Question data

andre5007
andre5007 New Altair Community Member
edited November 2024 in Community Q&A
I have these two csv, in which both csv have several feats.
Feat1- model, Feat2-power measure, Feat3- is something that this object has or does not have, being 1 has and 0 does not, Feat4 is a feature that I don’t know what it is, Feat5- device installation date, Feat6 / 7- It is the latitude and longitude and feat 8 is the number
maintenance interventions.
In the CSV Training I have values ​​for feat 8 and in the Test no.
My goal is to estimate the Feat 8 for the Test set.
How can I do this? 
Thanks
Tagged:

Best Answers

  • YYH
    YYH
    Altair Employee
    Answer ✓
    Hi @andre5007, it looks your prediction target is numerical (integers). Are you sure you want to build decision tree or any predictive model for classification, rather than regressions? I would parse the label into numbers and try the regression decision trees or GLM/GBT for regression.
  • andre5007
    andre5007 New Altair Community Member
    Answer ✓
    Hi @yyhuang
    Why do you think regression decision trees or GLM/GBT for regression is better?
    Thanks
    André
  • YYH
    YYH
    Altair Employee
    Answer ✓
    Hi @andre5007, my point was regression is better than classification here as the model for your data. Because the label is integer. For the difference between regression and classification, https://machinelearningmastery.com/classification-versus-regression-in-machine-learning/

Answers

  • Telcontar120
    Telcontar120 New Altair Community Member
    You should review the RapidMiner tutorials for Cross Validation and for Apply Model. Basically you are going to define Feat 8 as the label and build your model on that, and then you are going to save that model and apply it to the 2nd dataset.
  • andre5007
    andre5007 New Altair Community Member
    Ok, I will try to see and do, if you have any questions then can you help me?
    
    
  • andre5007
    andre5007 New Altair Community Member
    Can someone tell me if I'm going in a good way please?


  • YYH
    YYH
    Altair Employee
    Hi @andre5007,

    The workflow looks fine if you have your own test set. However, as Brian mentioned above, cross validation is always a smart option on your training set.

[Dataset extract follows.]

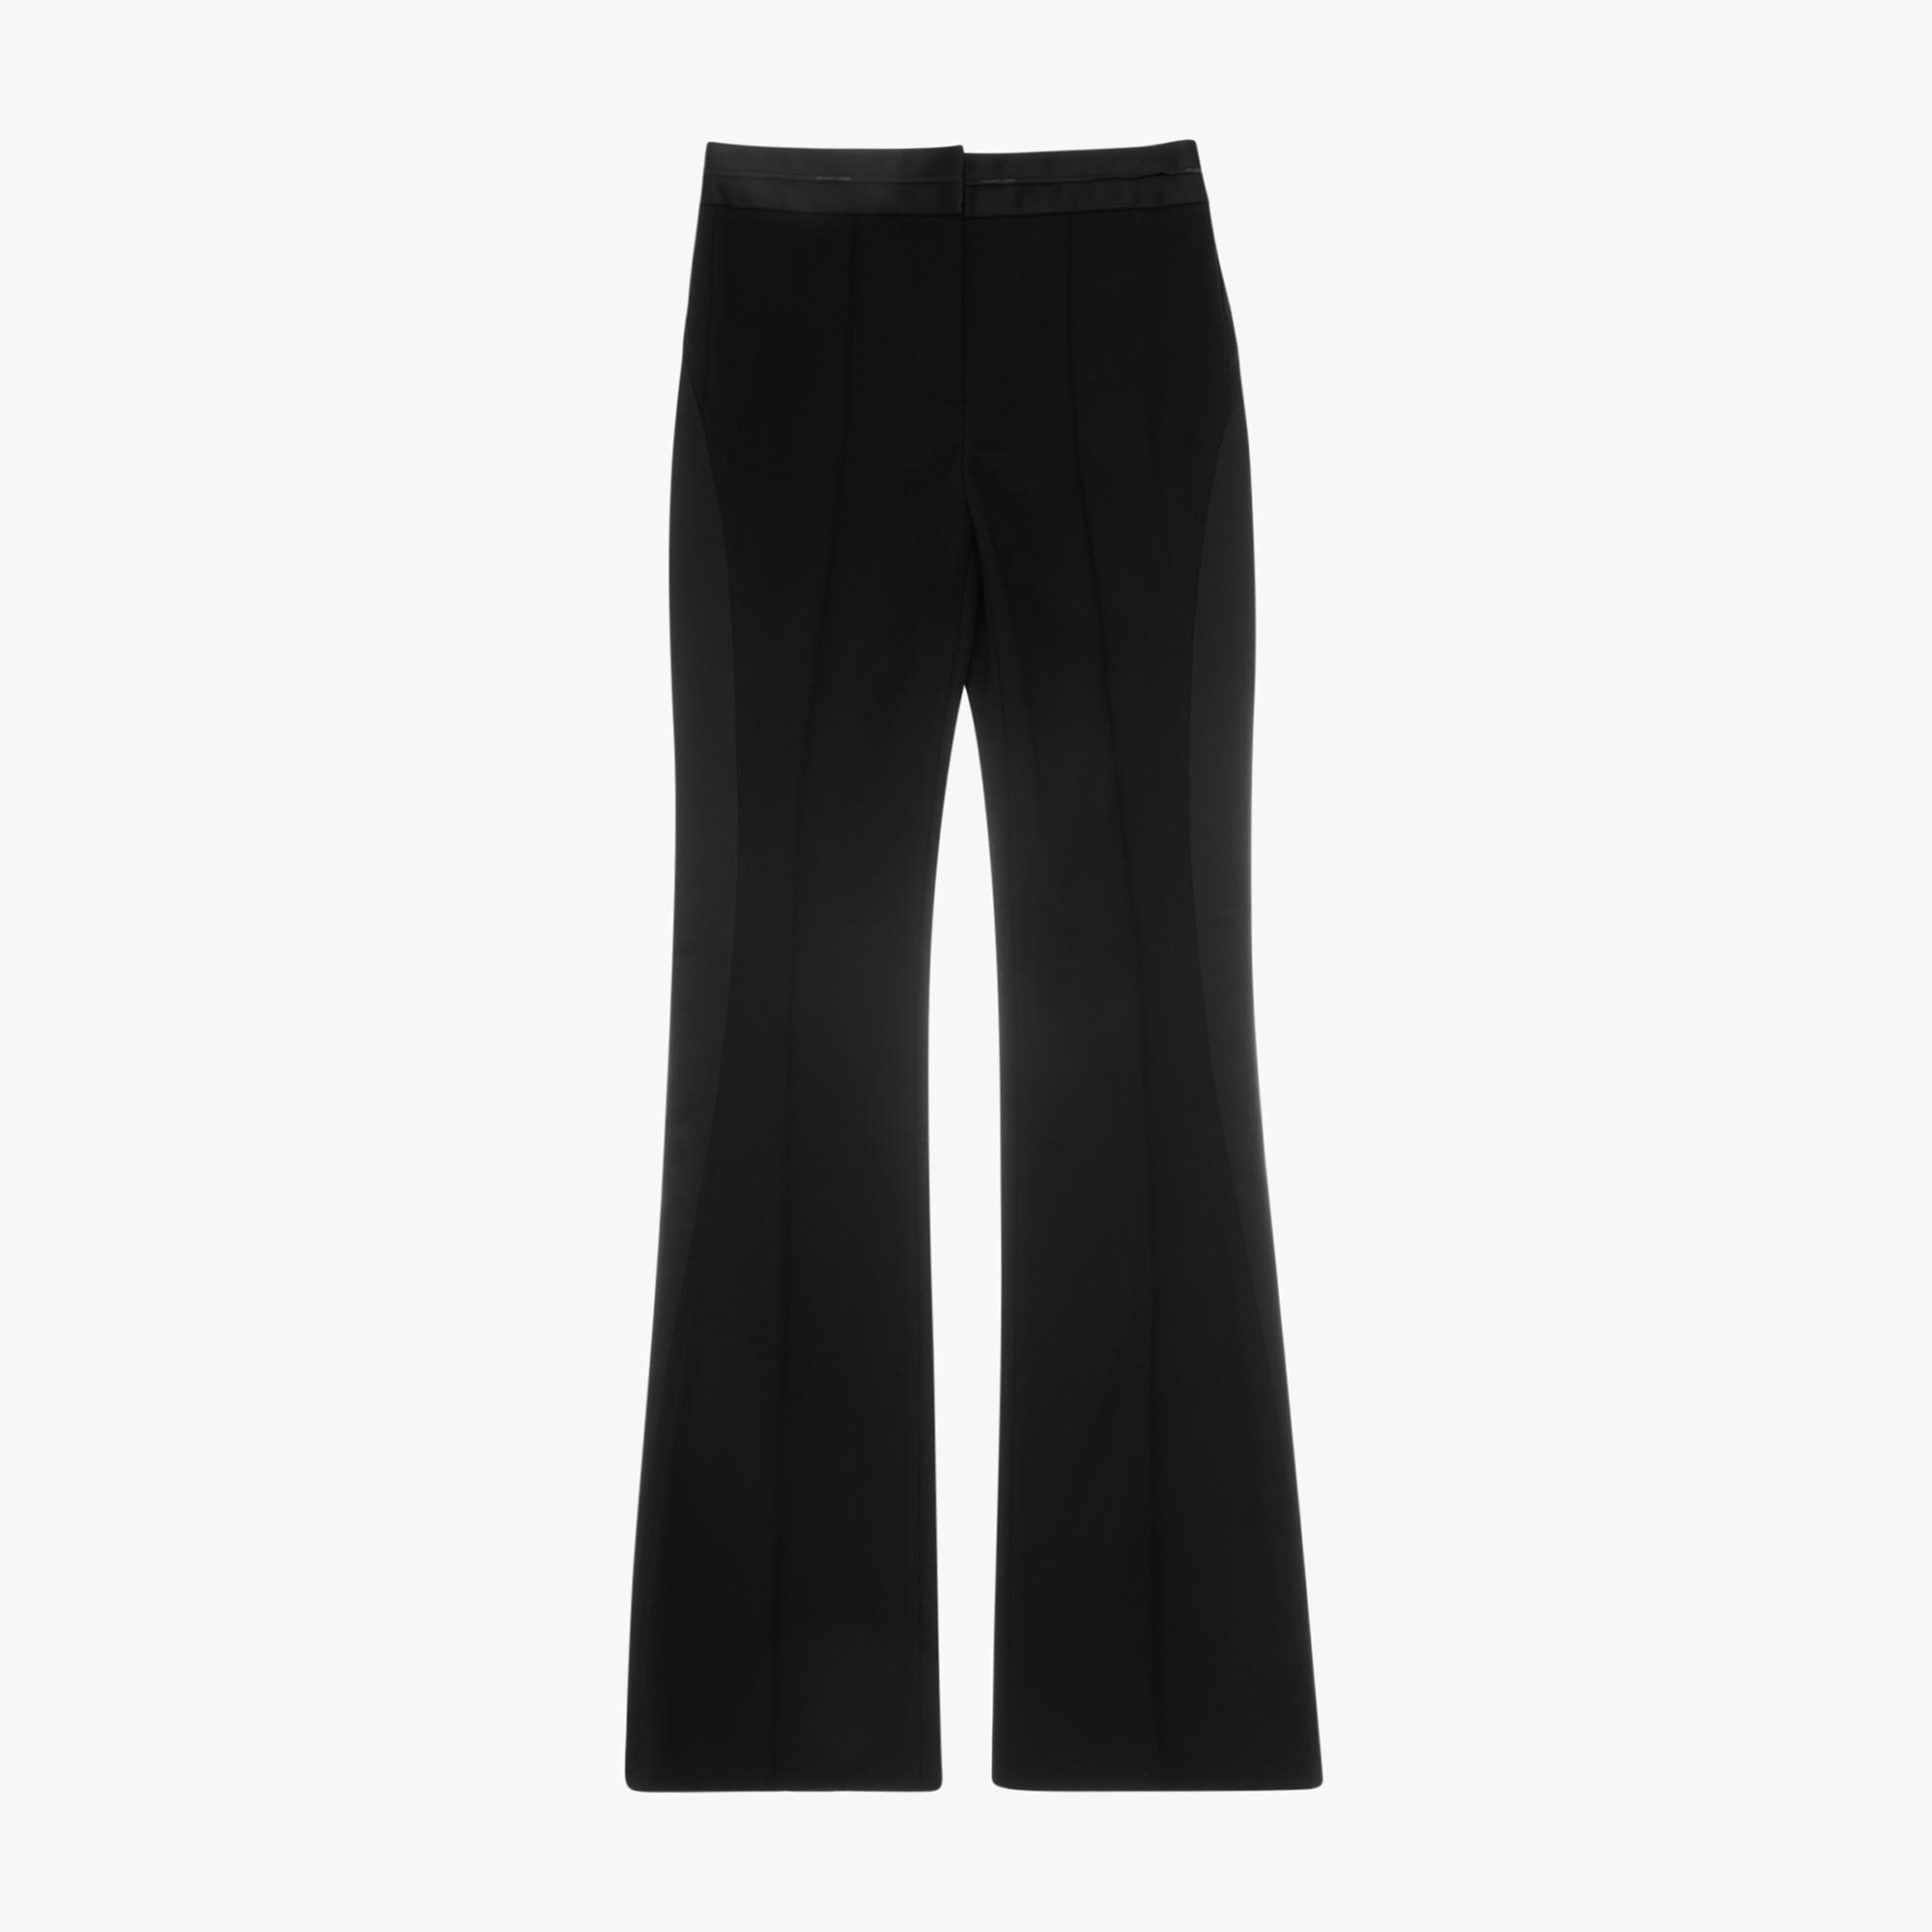 SEAMED BOOTCUT PANT - 1
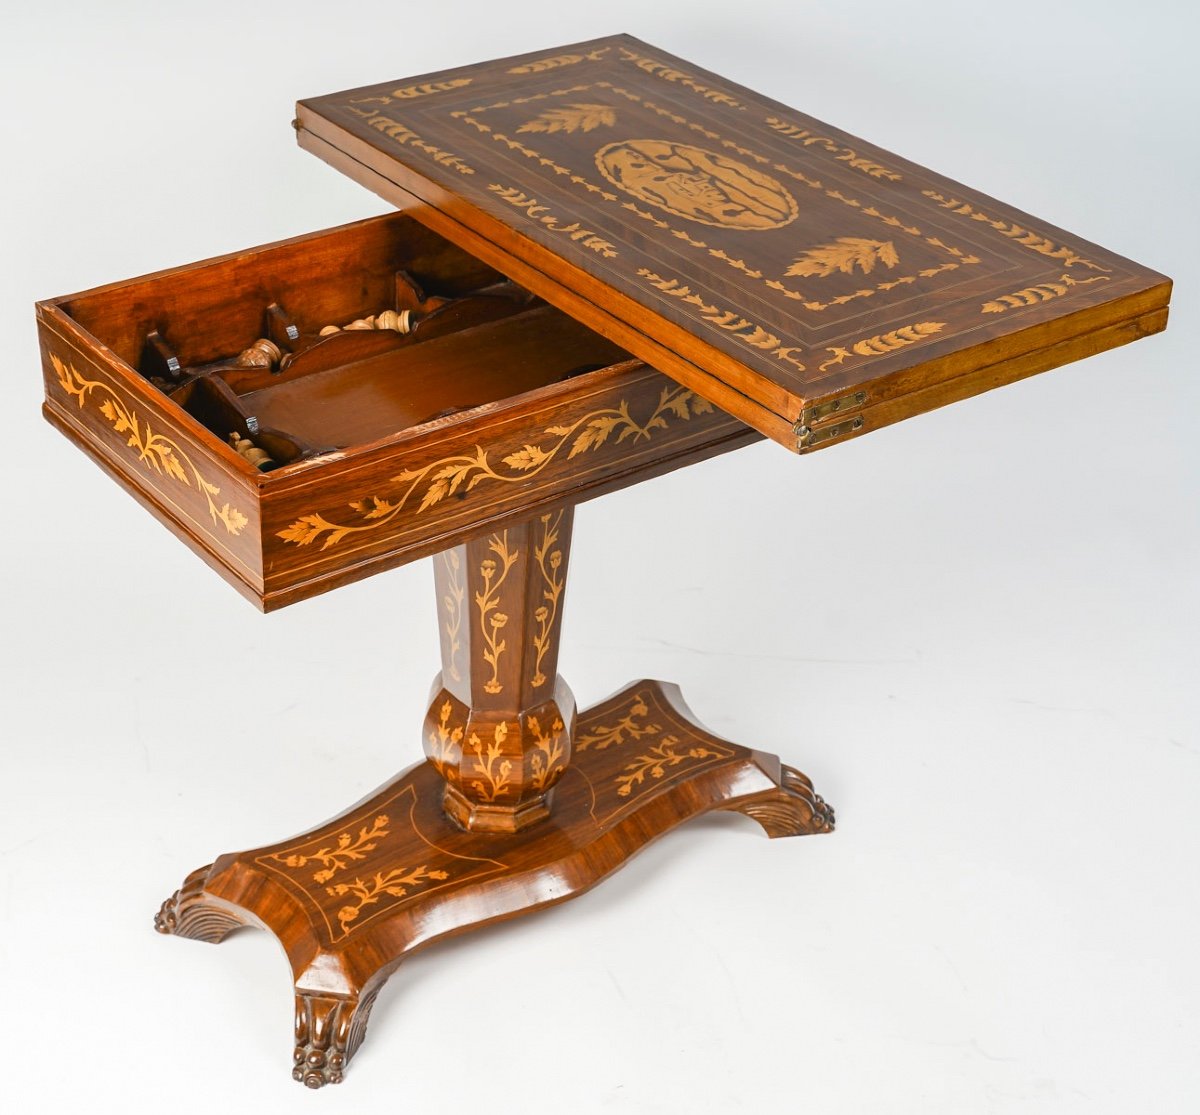 Chessboard, Backgammon Table, Games Table In Wood Marquetry, Early 20th Century.-photo-1

    https://academy.rapidminer.com/learn/article/cross-validation
    https://academy.rapidminer.com/learn/video/validating-a-model
    https://rapidminer.com/blog/validate-models-cross-validation/

    HTH!

    YY

  • andre5007
    andre5007 New Altair Community Member
    Now I noticed that I was wrong on the print I sent, because it was not the one I wanted to have selected.

    I put a filter at the beginning because it had a value that was missing and because of that it gave an error.

    Then in the cross validation, I placed the decision tree inside the process at the training site and in the test the apply model and performance.

    Then I linked the cross validation to another apply model and in that apply model I also put the test data set where I have to define feat 8.

    Do you think you should change anything in the operators parameters? Because I didn't change anything just when it was necessary to be able to run the process.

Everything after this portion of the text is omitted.